We have a unique ecosystem and, combined with our own workforce, we have a very high capability of innovation.
We continue to have good win rates, very strong competitive win rates against the competition.
We are very proud of the fact that, now that we have 82,000 customers we also have the highest customer rating satisfaction in the history of SAP, which makes us feel very, very good.
We have strong cost discipline in the Company.
We have a very healthy cash generation and a solid financial posture.

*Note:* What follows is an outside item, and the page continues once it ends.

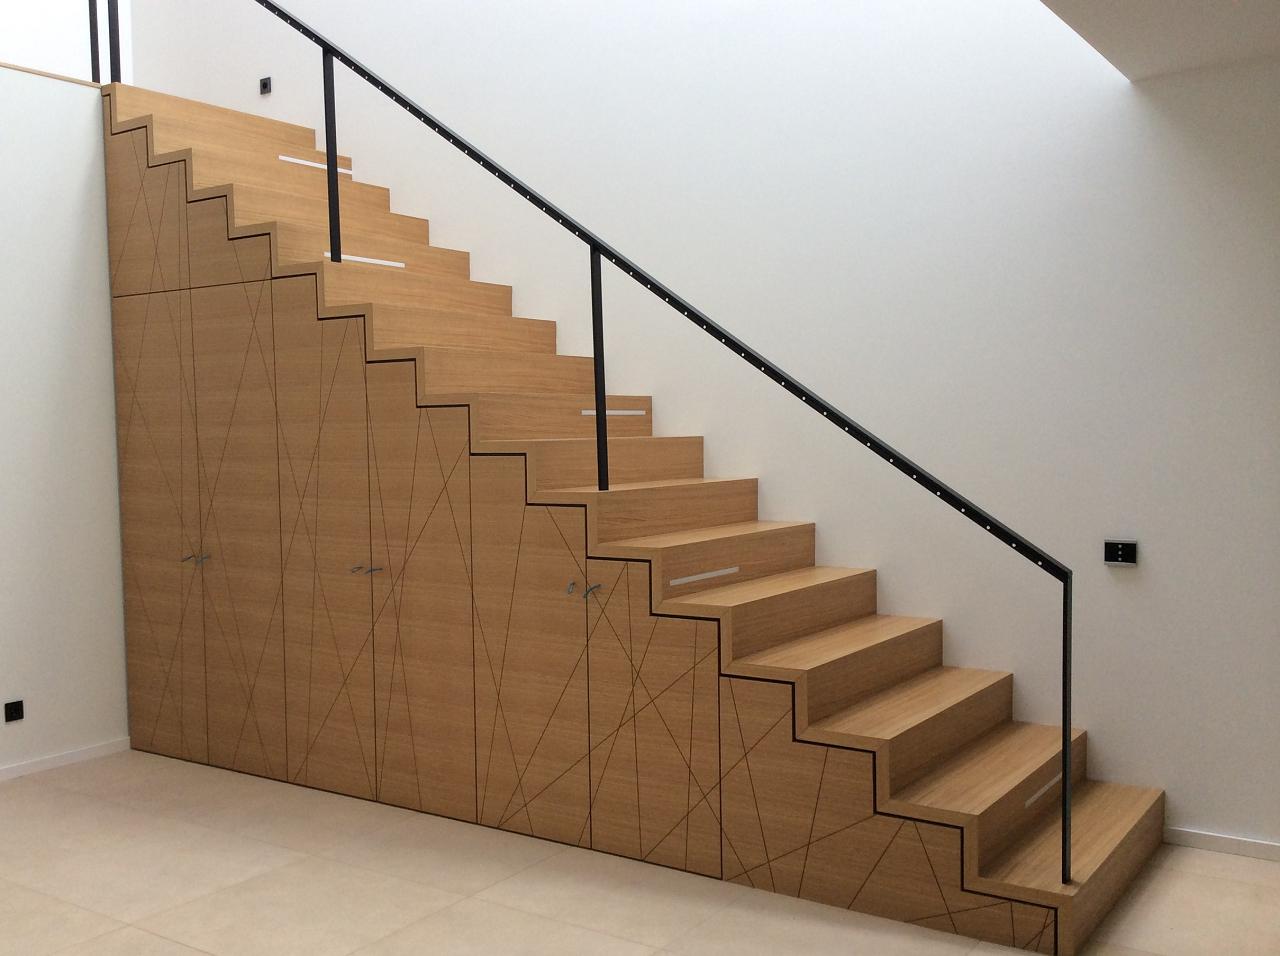 Tischlerei Dresden Sonderanfertigung Treppe

And at the end of the day, I think the strongest currency in 2009 is going to be trust and I believe many companies have a high degree of trust in SAP.
Thank you very much.
Stefan Gruber - Head of IR
Thank you Leo.
We now have time to take your questions.
Again a reminder for those of you who are on the Internet or are listening to this event by phone, please do send questions to investor@sap.com.
But I think we'll start here in the room in Frankfurt.
I see one question here from Raimo Lenschow, Merrill Lynch, and he's already using the microphone.
This is the proper protocol.
Raimo Lenschow - Analyst
Thanks.
Two questions if I may?
First of all, if I look into 2009 and to the cost situation there and the drivers for profitability, first of all on the Enterprise maintenance side, can you give us an idea about the uptick when you heard some numbers in Germany; 25% and a much higher number outside?
Just to give us a feeling how the acceptance level is in reality.
Also Business ByDesign costs.
I believe that's an item that shouldn't really happen 2009 and give us some benefit that maybe we can go into more detail on that one?
And then the second question is, on the Q4 savings of EUR220 million, I remember in the last recession, Werner, you were able to give us a bit of a breakdown to get a feeling where the savings were coming from and hence how sustainable they were in terms of travel, third party services.
Maybe that's possible this time around as well?
Thanks.
Werner Brandt - CFO
The first question is for Enterprise Support, and I understood it in a way that you were interested to see how this will impact our ability to increase support revenue in 2009.
Is it correct?
Yes, I think we said that the contribution on the top line of Enterprise Support in 2009 would be roughly, we said at that point in time I think EUR150 million.
That's still the case.
All the discussions we have in specific countries might result in us saying that it's around 10% to 15% less, but definitely not more.
And we have embedded this in our plan for 2009 already.
The second question was related to ByDesign costs.
I think when we announced the change [adoption] in our go-to-market strategy for Business ByDesign back in April, we said that we would stop accelerated investments for Business ByDesign.
So for the rest of 2008, and going into 2009, this is part of our overall R&D spending we have in our Company.
And as you know, we do not break this down to different areas in R&D, and I hope you understand that we are not going to do this for Business ByDesign going forward.
So be sure no accelerated investment, it's part of the overall R&D budget of SAP.
Now if you look to the EUR220 million, I tried to make clear that you cannot extrapolate these into 2009.
We have one-time expense items included on non-expense items if you will; I'll give you some examples.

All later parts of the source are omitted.